Reuse to avoid (all) reinitialization
Preemptive autoscaling solutions tend to focus on accelerating model loading. Alibaba Cloud looked at the other steps of the procedure: engine reinitialization, memory management, and transfers of the key-value cache.
Engine reinitialization is a sequence that, in the absence of optimization, can take tens of seconds. It includes, notably, the initialization of the key-value cache, loading the weights, profiling and optimization (allocating space for the key-value cache) and the startup of orchestrators like Ray intended to distribute execution.
Alibaba reasoned that the initialization of these different components could be safely reused across models. Thus, Aegaeon initializes the engine only once per instance, loading everything into cache except weights and the key-value cache. For the latter, it uses a preallocated pool in host memory, avoiding the need to pin pages during autoscaling. Altogether, this reduces latency by more than 80%.
CUDA events put to work
Memory management is made explicit. Supporting this are, among other things, a self-managed VRAM buffer and a “unified” key-value cache (each region, in VRAM or DRAM, is divided into fixed-size fragments that host different blocks depending on the cache layout).
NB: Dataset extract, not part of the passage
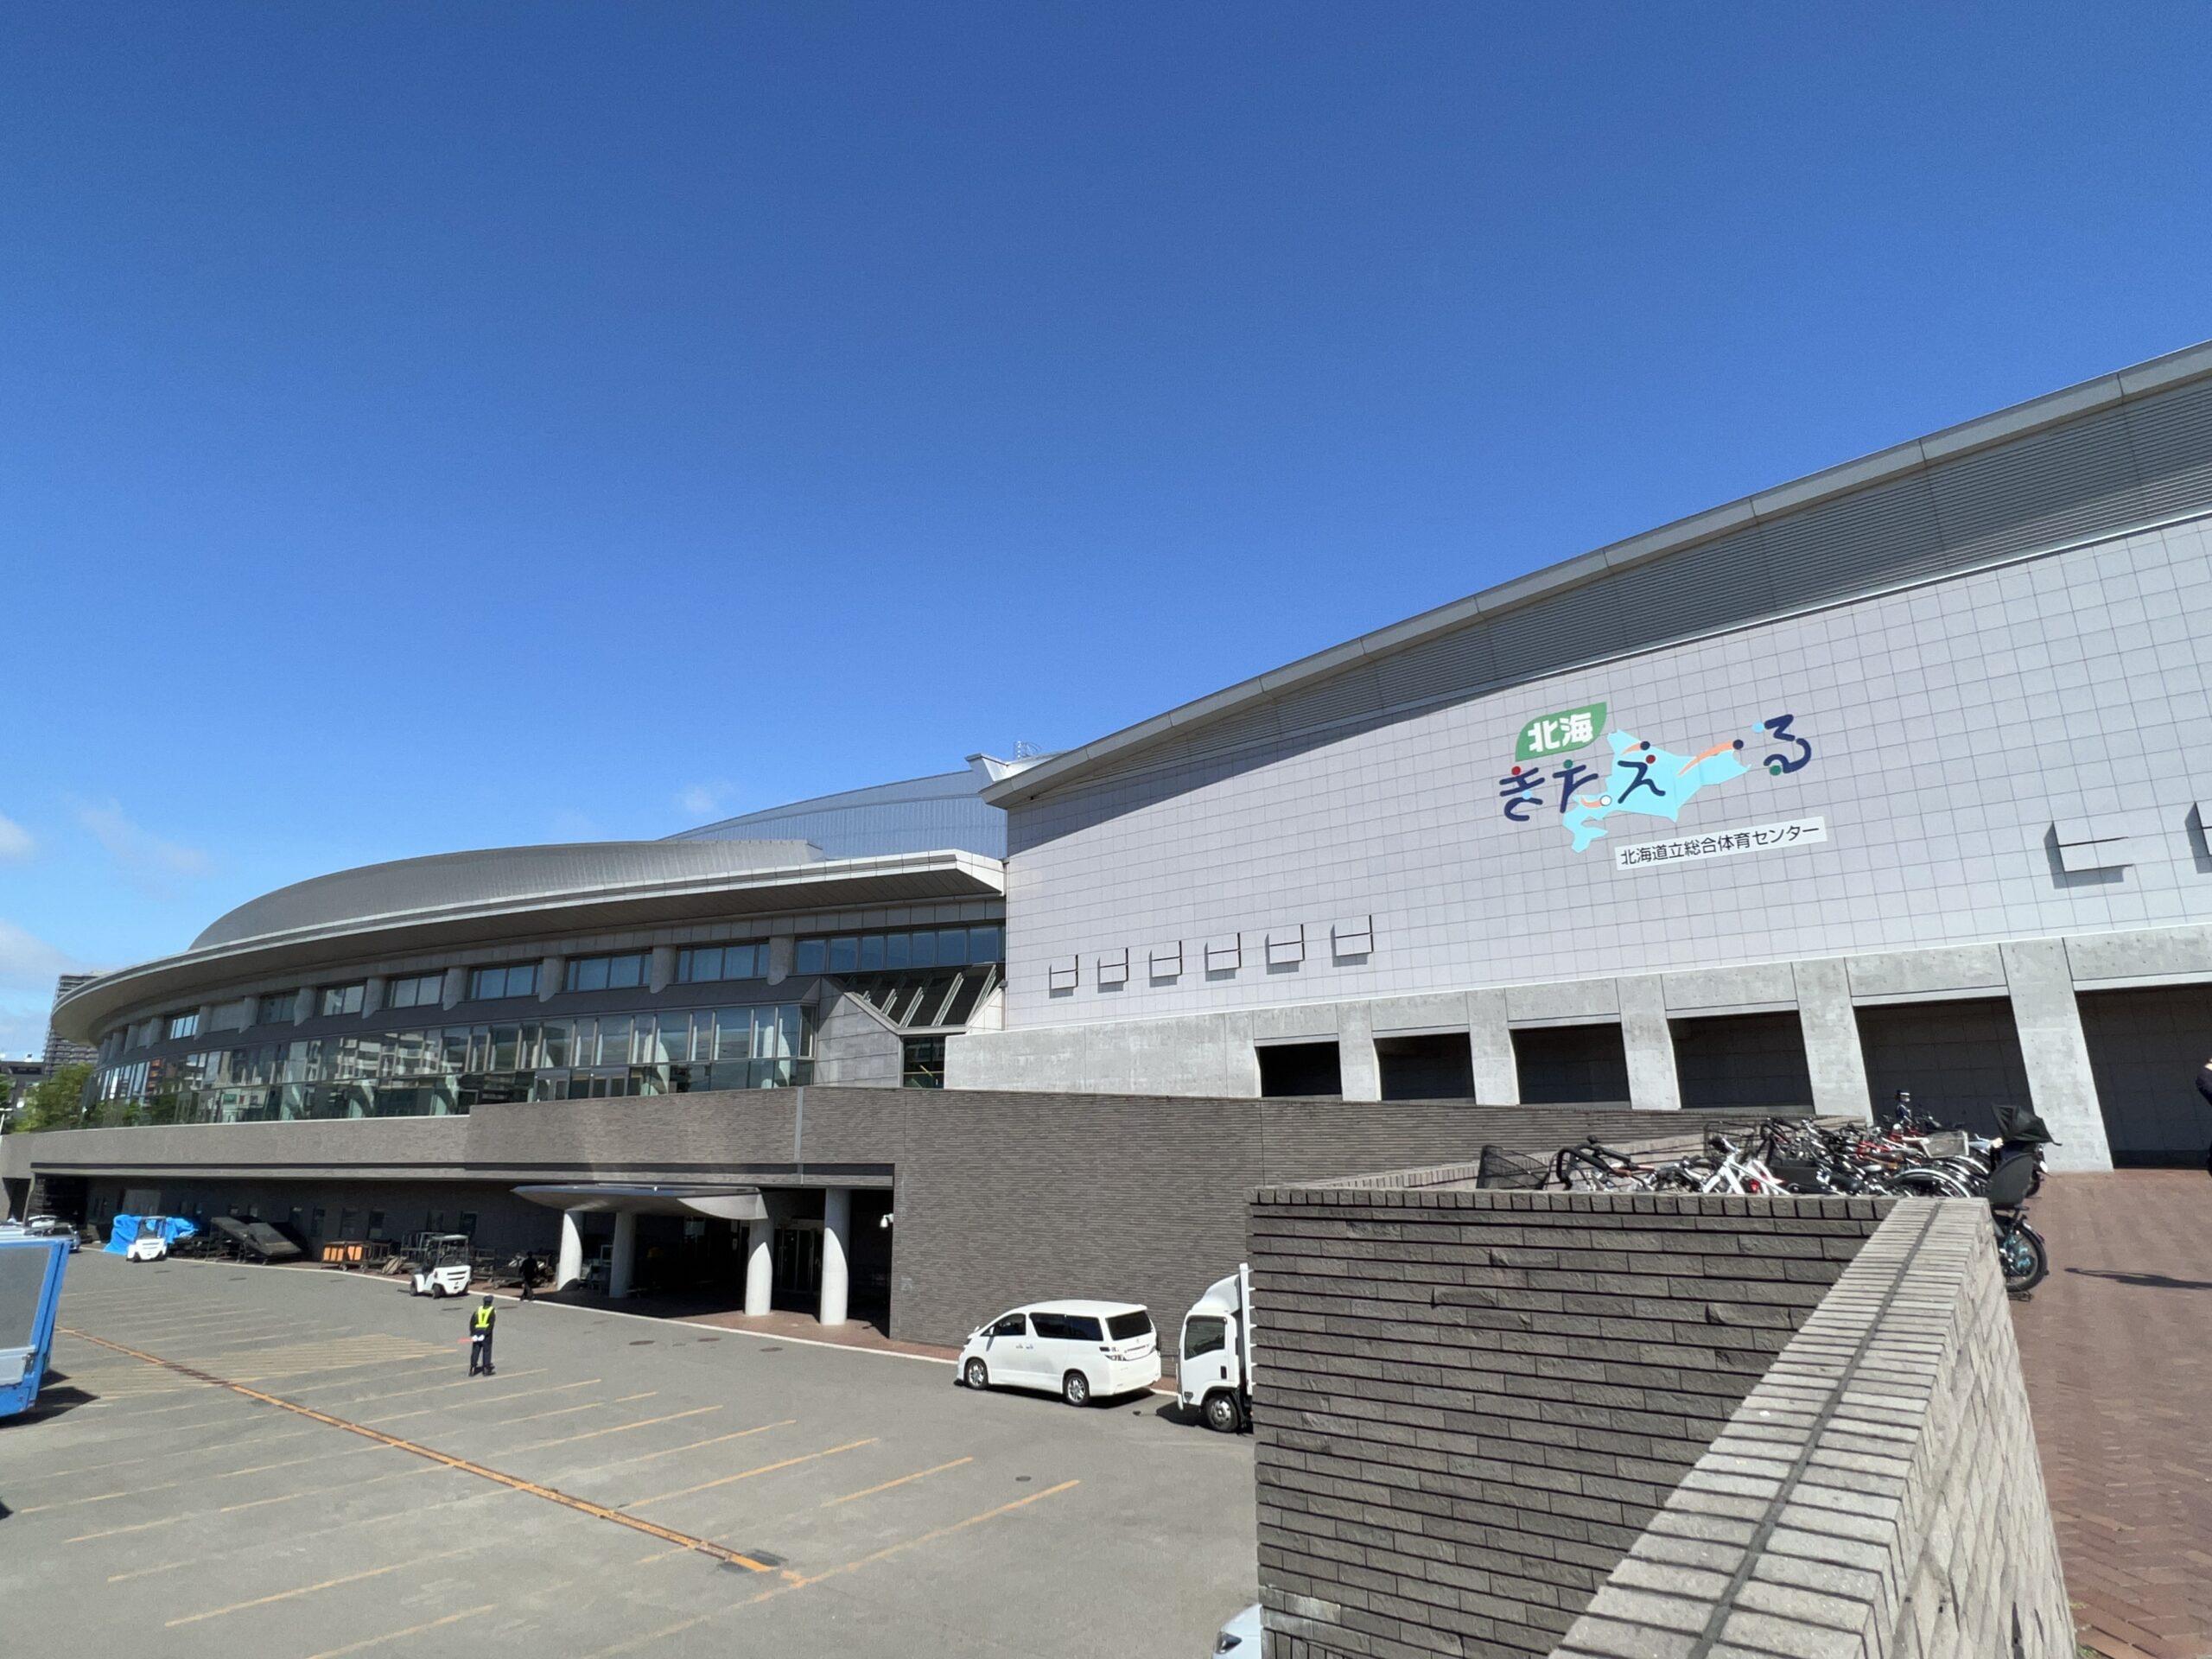 『B'z LIVE-GYM 2022 -Highway X-』北海道立総合体育センター 北海きたえーる公演1日目の会場外観の写真

As for transferring the key-value cache between host and GPU, the objective is to allow their overlap while minimizing data contention. CUDA events were employed for this purpose, to track transfers individually.

From 1192 to 213 GPUs for Alibaba Cloud’s Model Studio
To evaluate Aegaeon, Alibaba chose a two-node setup with 8 GPUs per node (H80-80), 2 TB of DRAM (DDR5), and 192 Xeon Platinum 8469C CPUs. They ran LLMs from several families (Qwen, Llama, InternLM, Yi, etc., predominantly 6 to 14 billion parameters) on the ShareGPT dataset and two “augmented” variants (longer inputs and outputs). The comparison was conducted against MuxServer and ServerlessLLM, two solutions that adopt respectively multiplexing and autoscaling.
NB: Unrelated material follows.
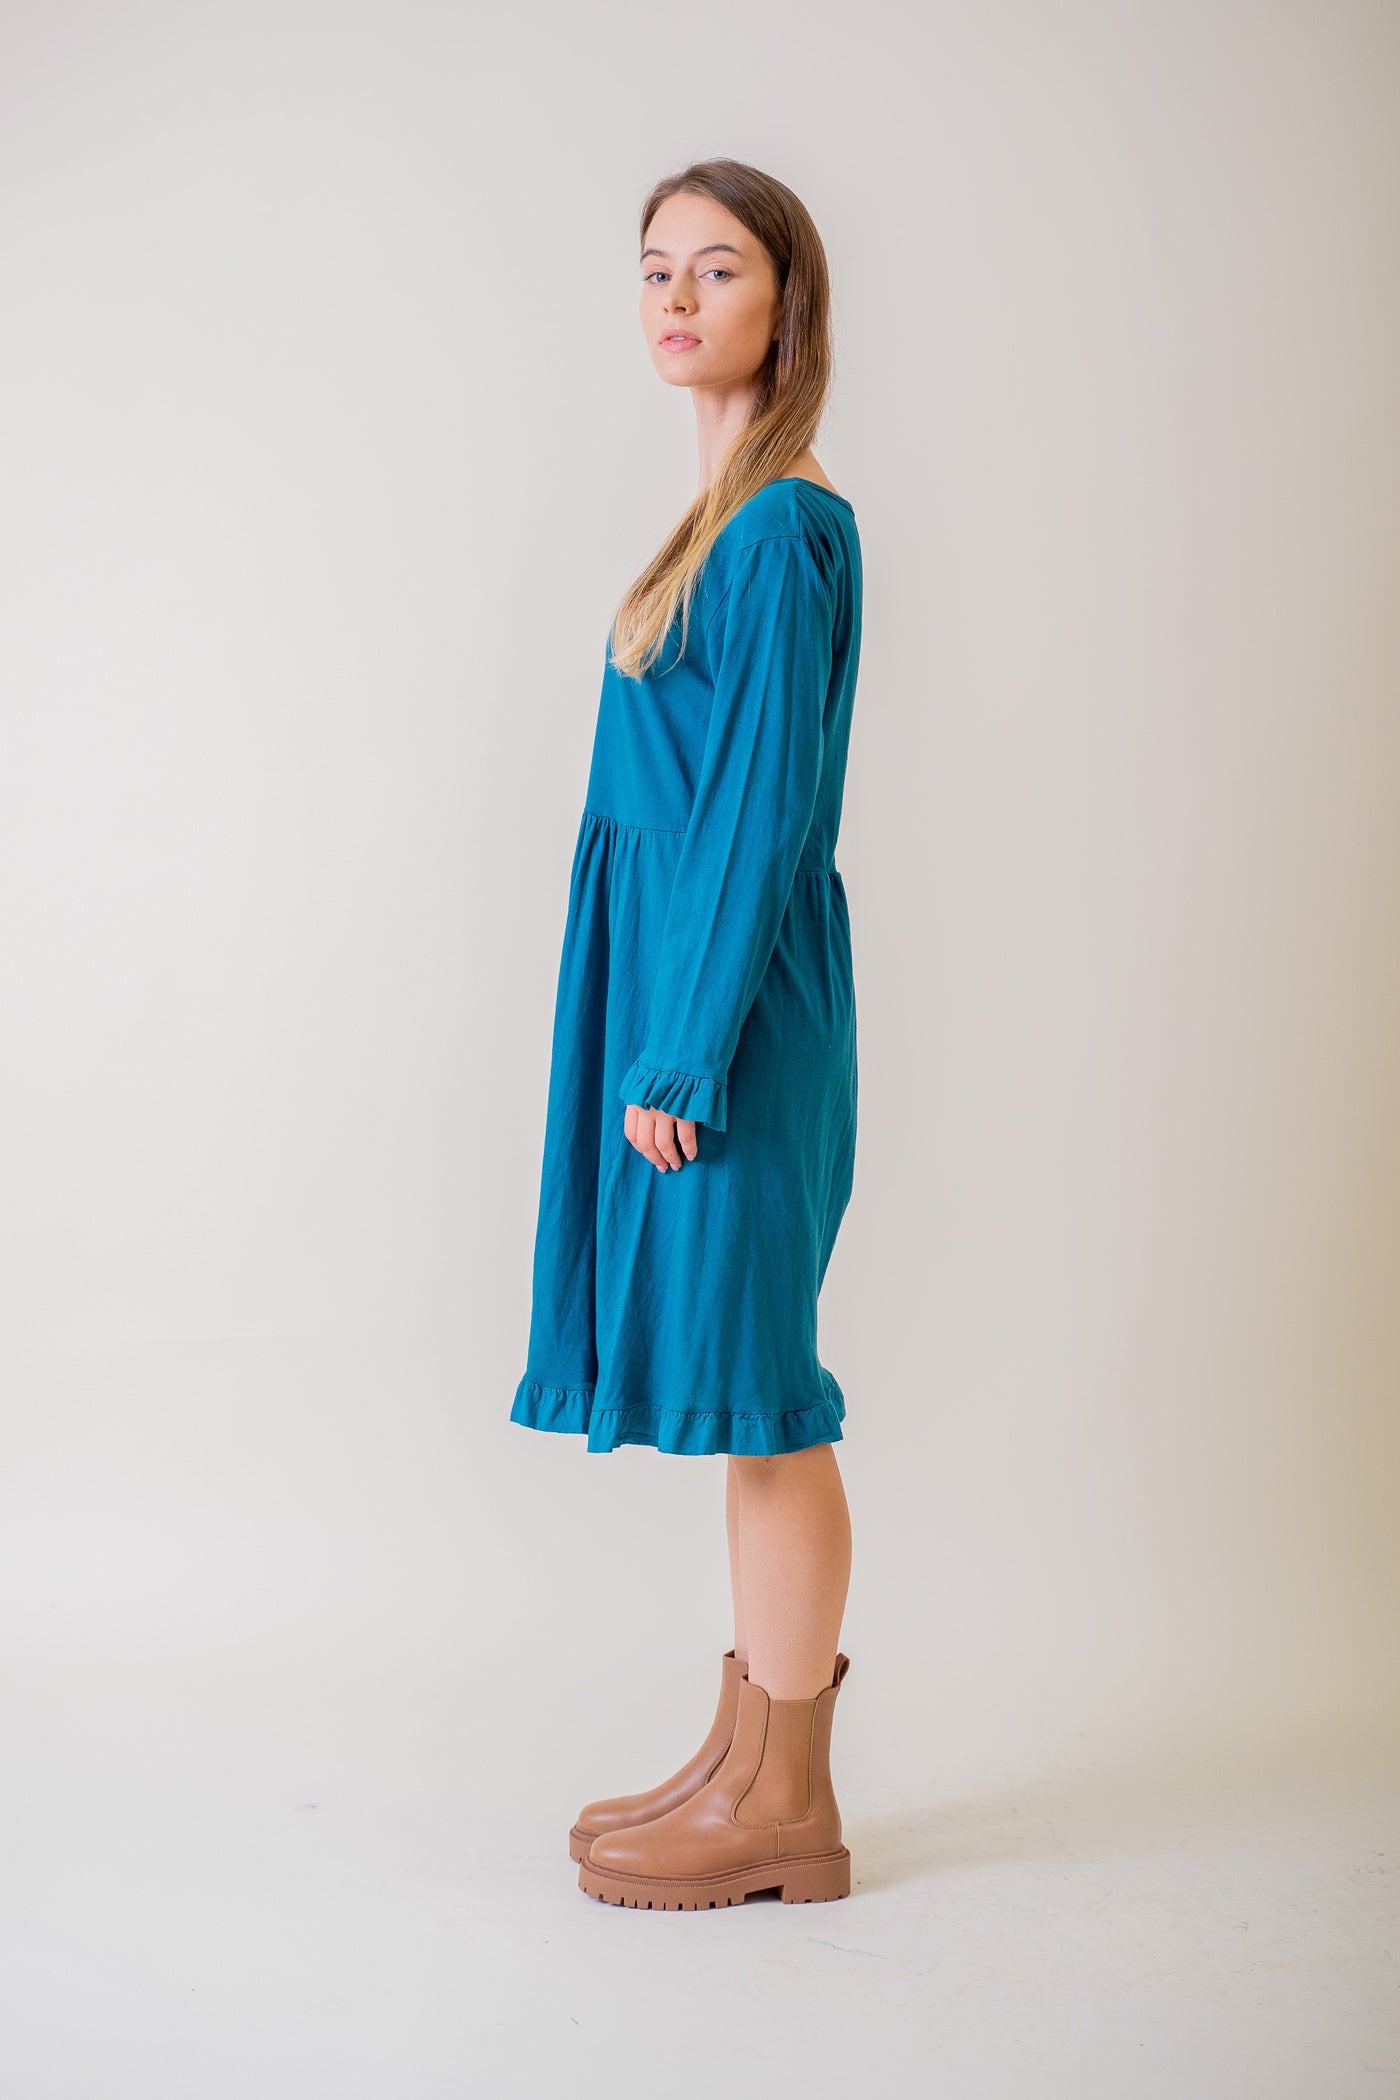 Modré úpletové šaty - UNI - Šaty

Illustrating the limits of multiplexing, MuxServer consistently refused to place more than 2 models per GPU, due to VRAM shortage.
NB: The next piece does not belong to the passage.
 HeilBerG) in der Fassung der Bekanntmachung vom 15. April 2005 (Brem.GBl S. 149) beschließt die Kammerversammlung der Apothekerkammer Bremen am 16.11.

At a rate of 0.1 requests per second, Aegaeon sustains useful throughput twice that of ServerlessLLM. It handles up to 70 models with 10 decoding instances. ServerlessLLM suffers from long wait times. ServerlessLLM+ (an ad hoc implementation adding a Shortest Job First scheduling based on an oracle informed by output lengths) mitigates the effect, but performance inevitably degrades as more models are active.
At 0.5 requests/s, the gap in useful throughput is 2.5 compared to ServerlessLLM.

This gap persists on the “augmented” datasets. And, albeit to a lesser extent, with stricter SLOs that leave less room for pooling. This is also observed on hardware-constrained configurations (for example, a node with 4 A10 GPUs). For Alibaba, this is evidence that Aegaeon could be applicable to a wide range of workloads.

The system has been powering Alibaba Cloud’s Model Studio for several months. It runs on a multi-region cluster of 213 H20 GPUs serving 47 models from 1.8 to 72 billion parameters. These models were originally served by 1192 H20 GPUs. The fleet has thus shrunk by 82%.